The expansion of the Internet-of-Things (IoT) market is visible in homes, factories, public places, and smart cities. While the massive deployment of connected devices offers opportunities to improve quality of life and to develop new services, the impact of such devices on the security of the users in a context where the level of malicious threat continues to increase is a major concern. One of the challenges is the heterogeneity and constant evolution of wireless technologies and protocols used. To overcome this problem, we propose RIDS, a Radio Intrusion Detection System that is based on the monitoring and profiling of radio communications at the physical layer level using autoencoder neural networks. RIDS is independent of the wireless protocols and modulation technologies used. Besides, it is designed to provide a threefold diagnosis of the detected anomalies: temporal (start and end date of the detected anomaly), frequential (main frequency of the anomaly), and spatial (location of the origin of the anomaly). To demonstrate the relevance and the efficiency of our approach, we collected a large dataset of radio-communications recorded with three different probes deployed in an experimental room. Multiple real-world attacks involving a wide variety of communication technologies are also injected to assess the detection and diagnosis efficiency. The results demonstrate the efficiency of RIDS in detecting and diagnosing anomalies that occurred in the 400–500 Mhz and 800–900 Mhz frequency bands. It is noteworthy that compromised devices and attacks using these communication bands are generally not easily covered by traditional solutions.

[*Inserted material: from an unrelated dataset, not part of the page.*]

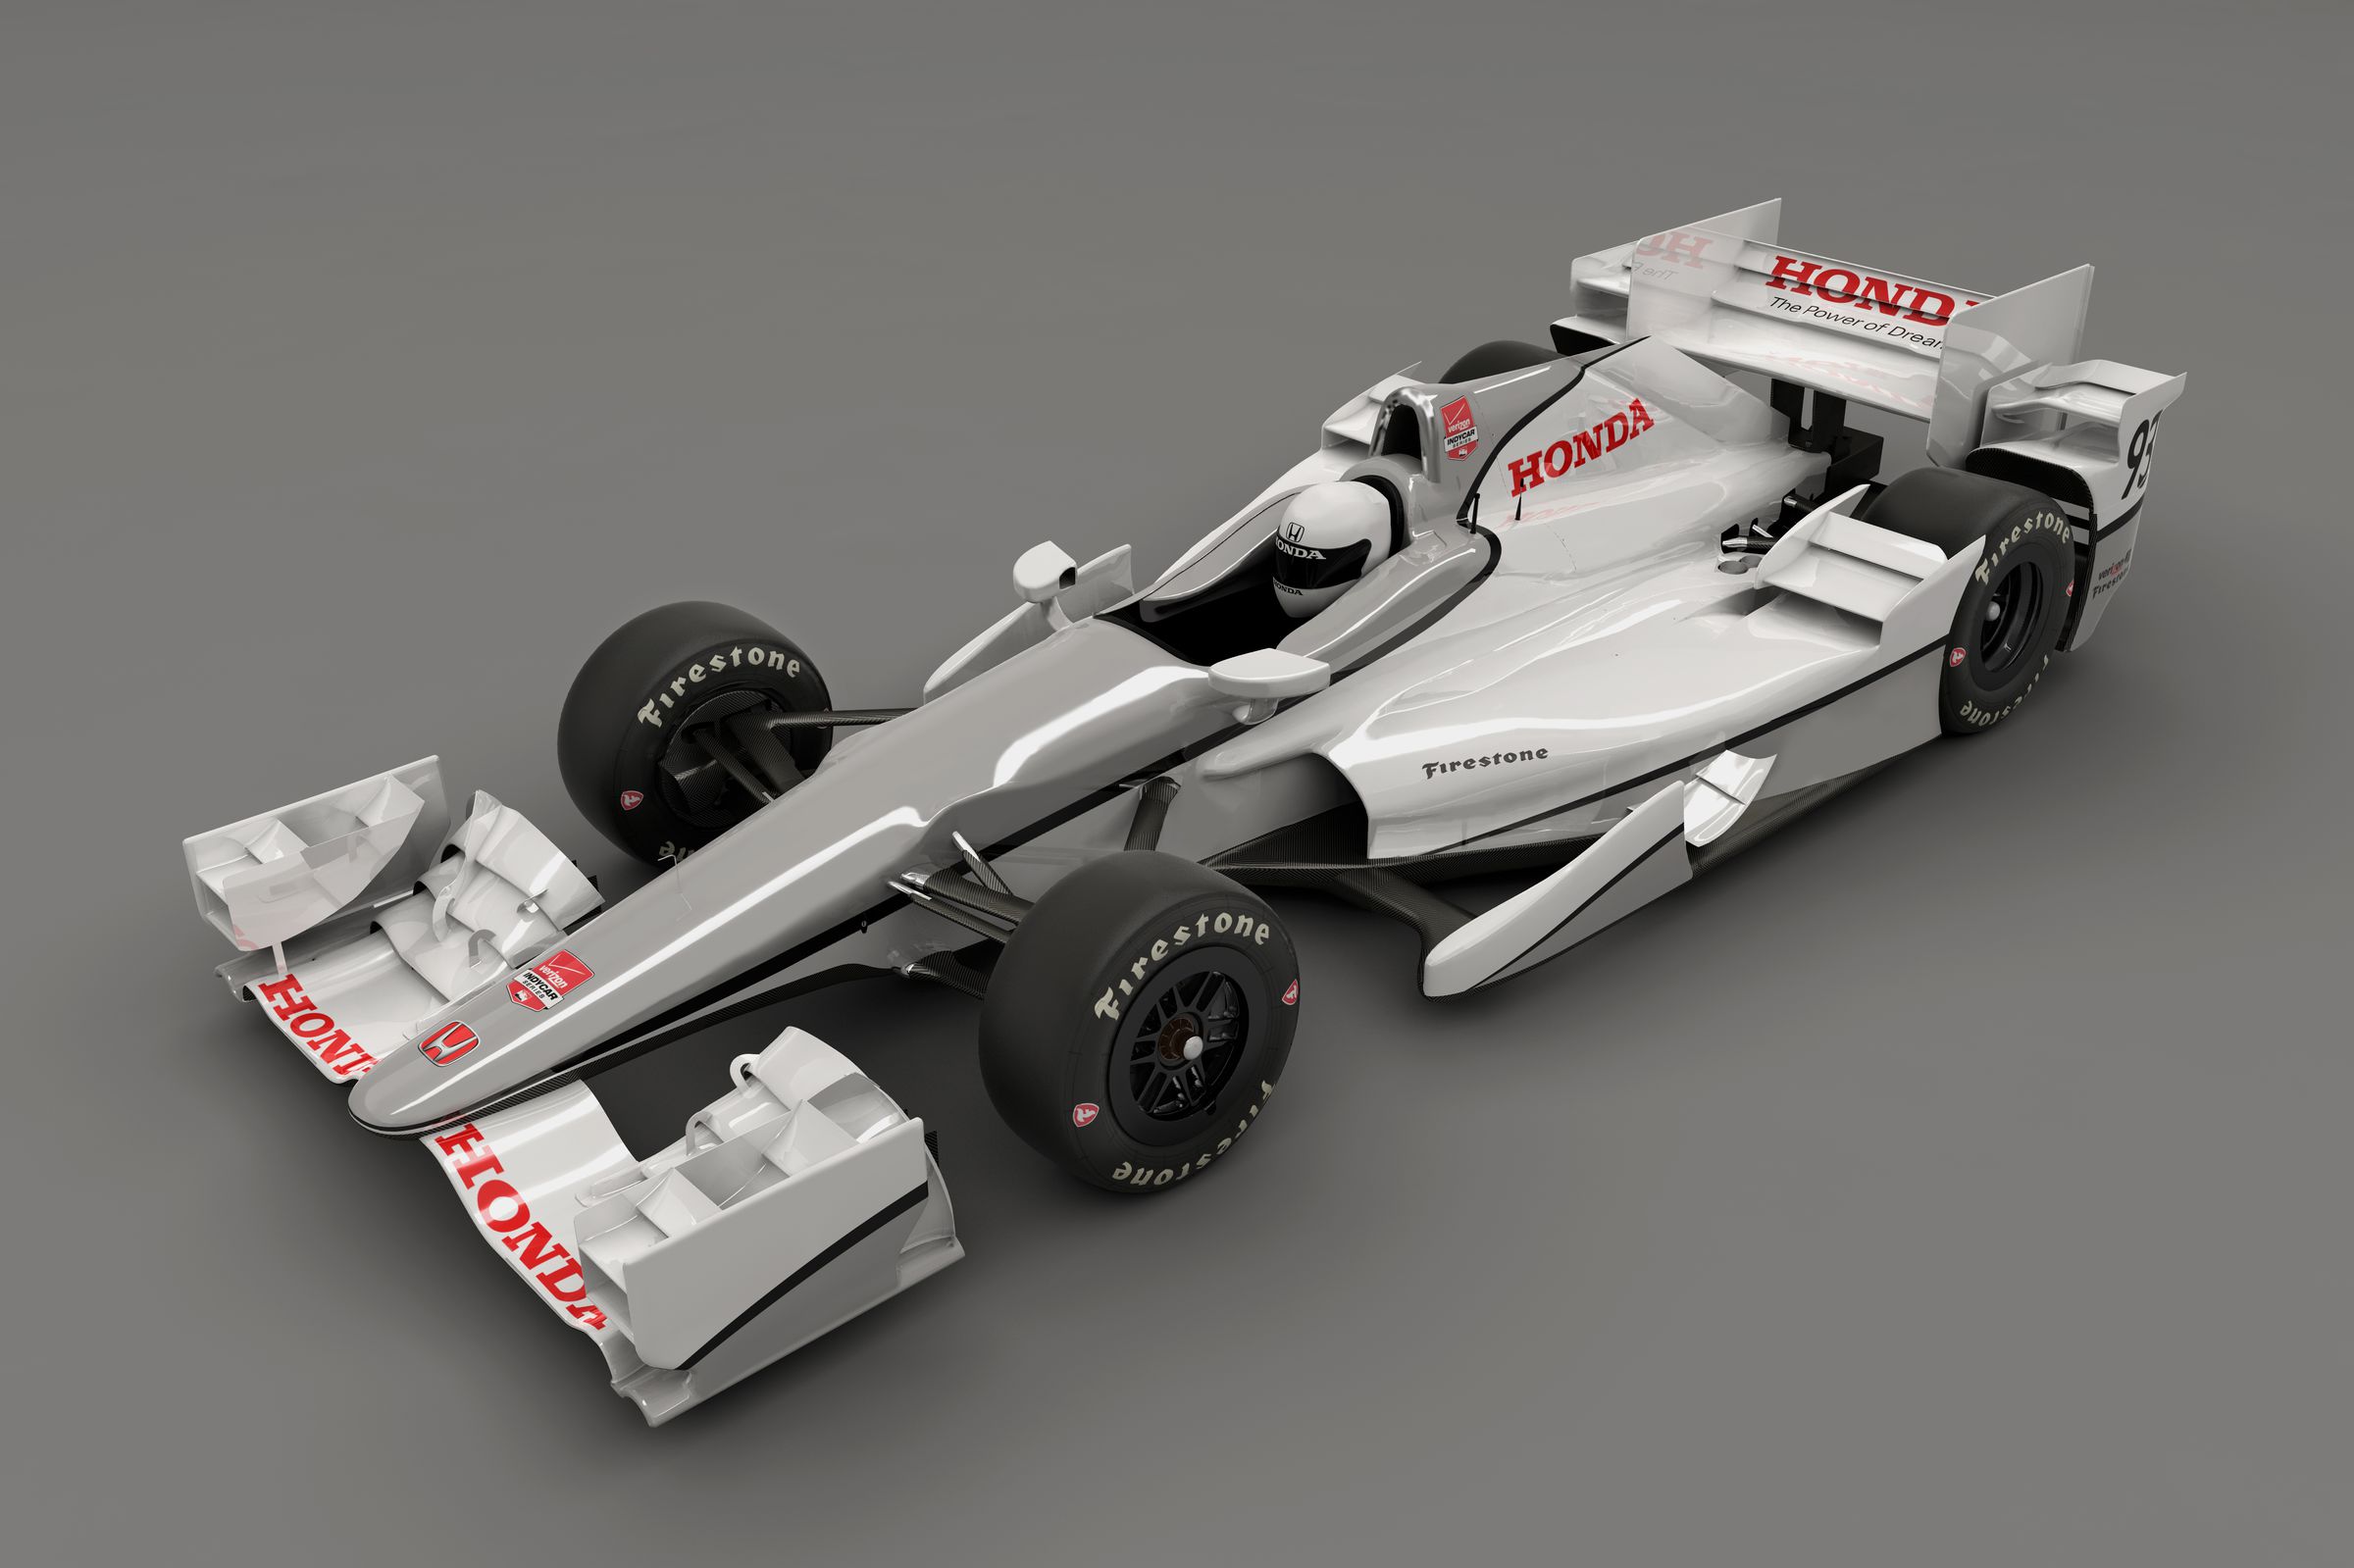 The 2015 Honda IndyCar AeroKit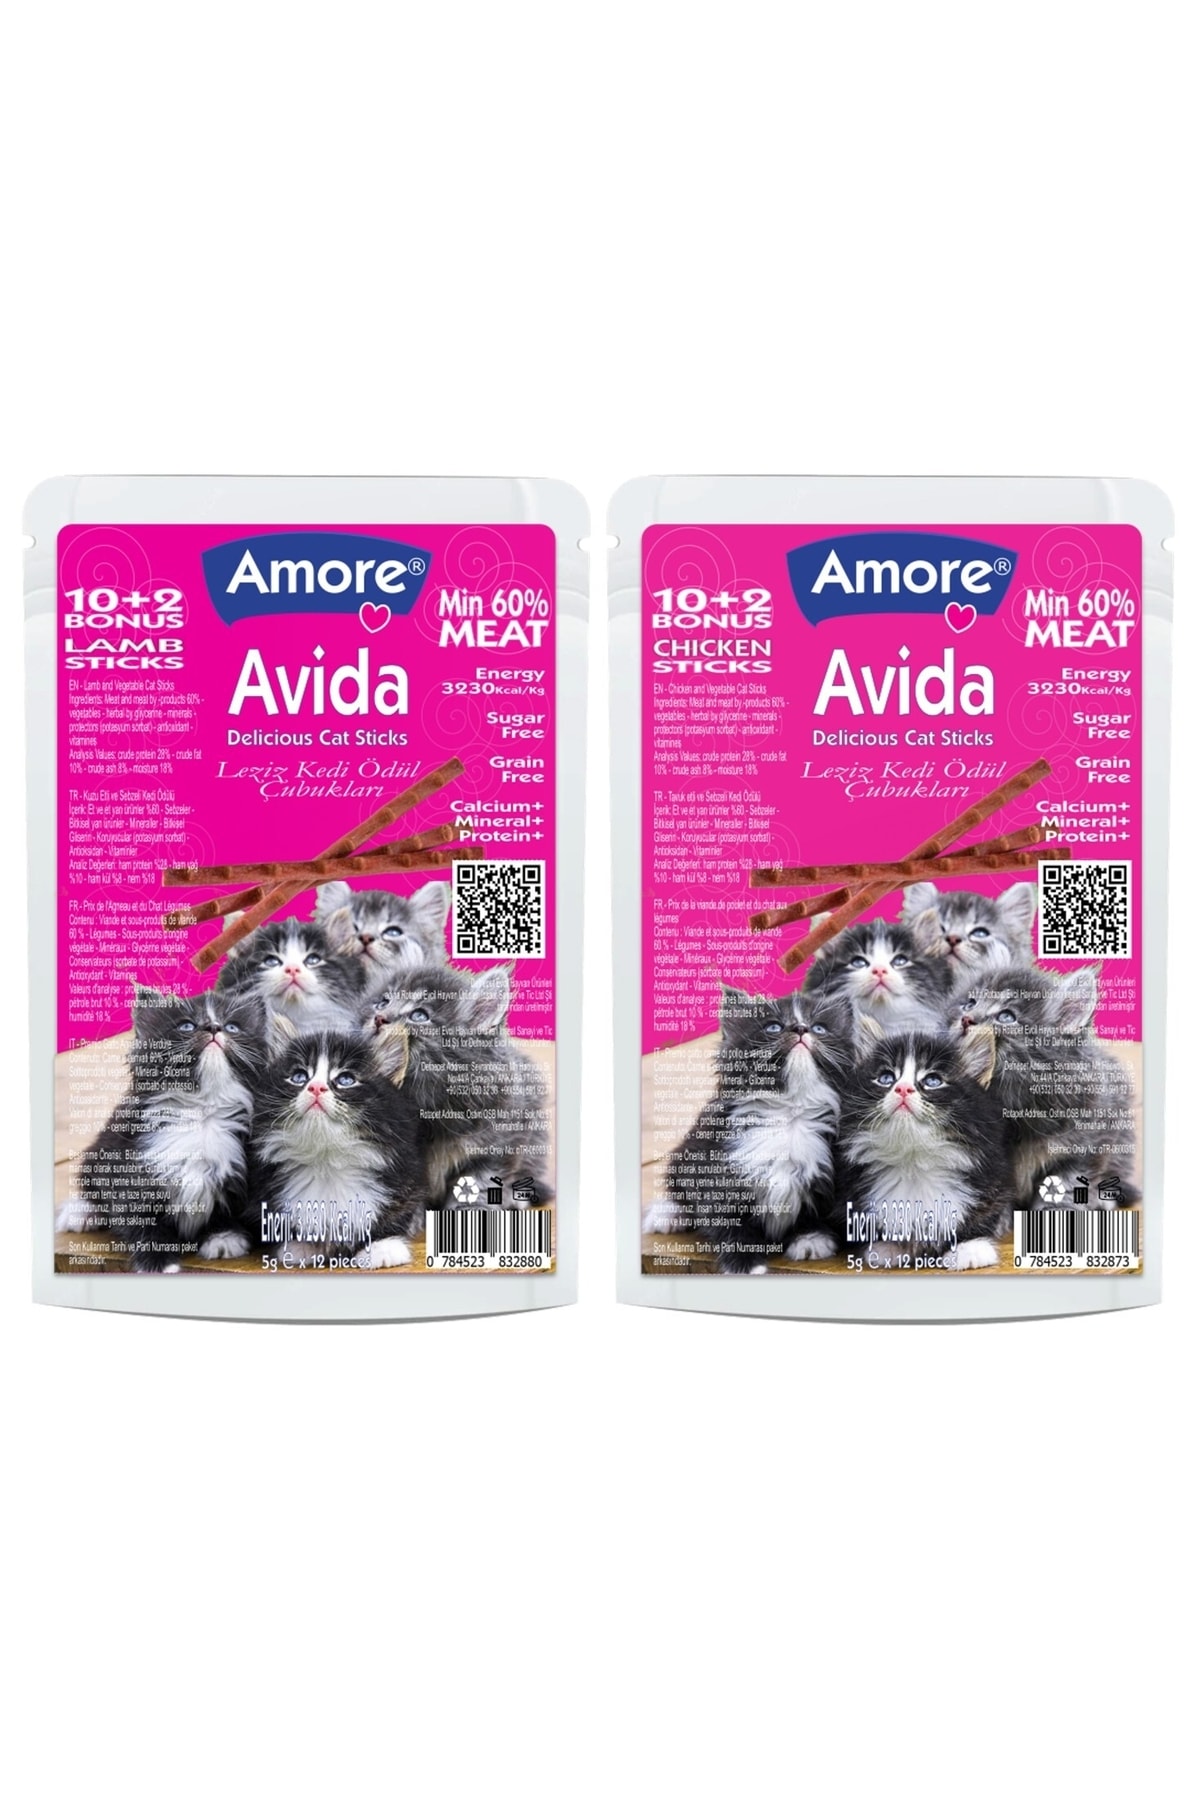 Amorecat Amore Avida Lamb-12 Ve Chicken-12 Cat Sticks Kuzulu Ve Tavuklu Tahilsiz Kedi Odul Cubuklari

在家庭、工厂、公共场所、智慧城市等领域,物联网(IoT)市场正在不断扩大。虽然联网设备的大规模部署为提高生活质量和开发新服务提供了机会,但在恶意威胁水平持续增加的背景下,此类设备对用户安全的影响是一个主要问题。其中一个挑战是所使用的无线技术和协议的异构性和不断发展。为了克服这个问题,我们提出了RIDS,一个无线电入侵检测系统,它基于使用自编码器神经网络在物理层监测和分析无线电通信。rid独立于所使用的无线协议和调制技术。此外,它还提供了对检测到的异常的三重诊断:时间(检测到异常的开始和结束日期)、频率(异常的主频率)和空间(异常的起源位置)。为了证明我们的方法的相关性和效率,我们收集了一个大型的无线电通信数据集,记录了在一个实验室内部署的三种不同的探针。还注入了涉及多种通信技术的多种真实攻击,以评估检测和诊断效率。结果表明,RIDS在检测和诊断400-500 Mhz和800-900 Mhz频段的异常方面是有效的。值得注意的是,使用这些通信频段的受损设备和攻击通常不容易被传统解决方案覆盖。
本文章由计算机程序翻译,如有差异,请以英文原文为准。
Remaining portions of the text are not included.